There can be false signals or “False Cups and Handles” that give misleading information to traders. The pattern could develop in days, weeks, or months, and there are no specific guidelines on how much time it would take for this pattern to develop. Finally, before concluding this section, there is one additional tip that I would like to share. Typically, the time it takes for the construction of a handle to complete is less than that needed for the construction of the Cup. With the Breakout Trading Strategy, it is advisable to enter a trade only after the construction of the handle is complete.

Drawing The Cup And Handle

Cup and handle patterns are also traded in the forex market, especially by day traders​​. When intraday trading, cup and handles tend to perform better during active times of a specific currency pair. When the forex markets are not open, the pair tends to be quieter, which means less movement, and it also means that intraday cup and handle patterns will not form as strongly. This is because there is not sufficient momentum to fuel a breakout and bullish trend. The cup and handle chart pattern does have a few limitations. Sometimes it forms within a few days, but it can take up to a year for the pattern to fully form.

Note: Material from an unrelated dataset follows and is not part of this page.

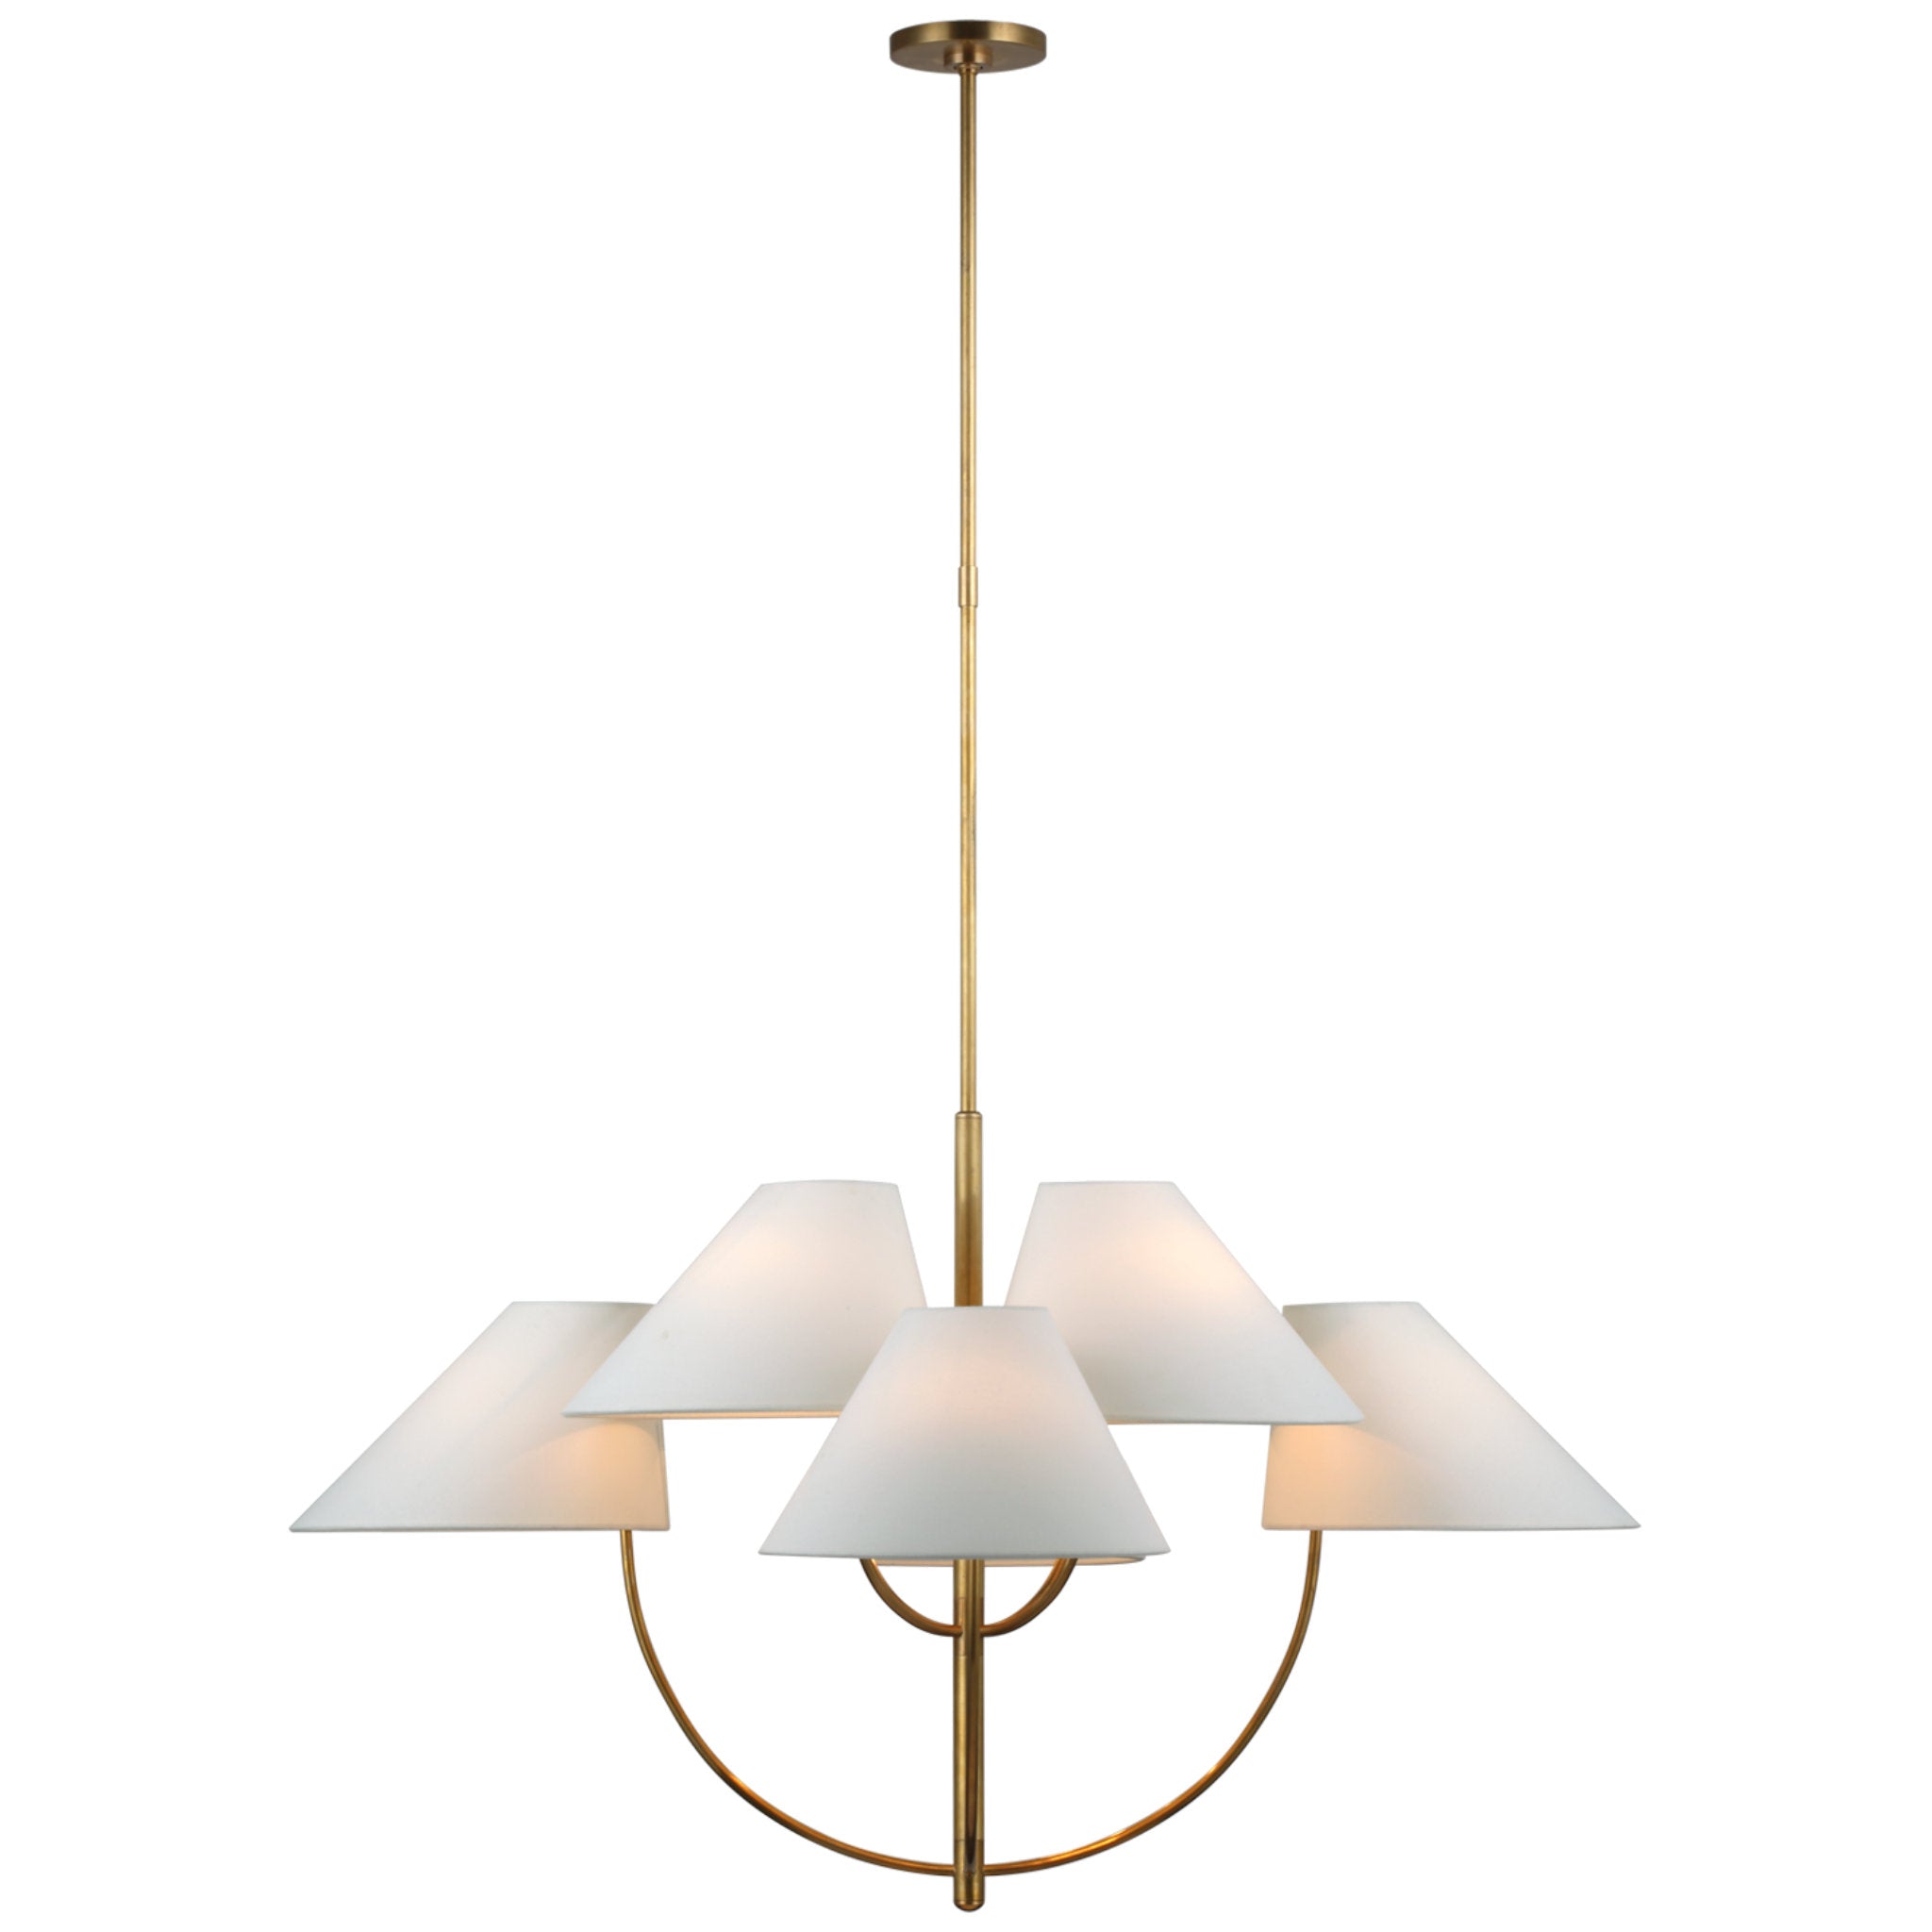 kate spade new york Kinsley Large Two-Tier Chandelier in Soft Brass with Linen Shades

What Is The Cup And Handle Pattern?

A cup and handle formation is considered significant when it follows an increasing price trend, ideally one that is only a few months old. The older the increase trend, the less likely it is that the cup and handle will be an accurate indicator. The trade volume should decrease along with the price during the cup and should increase rapidly near the end of the handle when the price begins to rise. What if I told you that taking the depth of the cup and adding it to the breakout value is the wrong way to set your price target. Every book and blog you can find on the web will say to just sell once this one-to-one ratio is achieved.

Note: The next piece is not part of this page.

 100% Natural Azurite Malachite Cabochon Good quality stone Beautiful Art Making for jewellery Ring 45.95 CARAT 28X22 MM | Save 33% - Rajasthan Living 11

If the pattern is bullish, take the two tops of the cup and stretch a curved line downwards until the rounded part reaches the low of the pattern. Then take the right side of the cup and draw the shape of the bearish handle. After the price breaks Hedge the handle downwards, we see the creation of a new bearish move. When you confirm the pattern, the price is likely to break the channel of the handle, initiating a bullish move. The first target equals the size of the channel during the handle.

Bearish Cup And Handle Trading Example

Sometime afterwards, the price action reaches the second target on the chart. You have the option to close your entire position at this second take profit target. However, you could opt to hold a portion of the trade for further gains if you see price action continuing to trend upwards. The yellow line on the chart is an upward trend line, which measures the bullish activity of the price action. You could hold the trade as long as the price action is located above the yellow bullish trend line.

He has reported from more than a dozen countries, with datelines that include Sao Paolo, Brazil; Phnom Penh, Cambodia; and Athens, Greece. A former attorney, before becoming a journalist Eric worked in securities litigation and white collar criminal defense with a pro bono specialty in human trafficking issues. He graduated from the University of Michigan Law School and can be found any given Saturday in the fall cheering on his Wolverines. The following chart, courtesy of StockCharts.com, illustrates the pattern. Forex trading is not the line of work you want to be in if you’re a perfectionist.

The examples below will help clear out any questions you may have related to trading the Cup and Handle pattern in Forex. This is the H1 chart of the most traded currency pair – EUR/USD. In the middle of the image you see a bullish Cup and Handle pattern, which is illustrated with Credit default swap the blue lines on the graph. Then comes the handle, which is expressed by a bearish price move. In many cases, the handle is locked within a small bearish channel on the chart. So far, in this article, we have only highlighted when the cup and handle produced stellar results.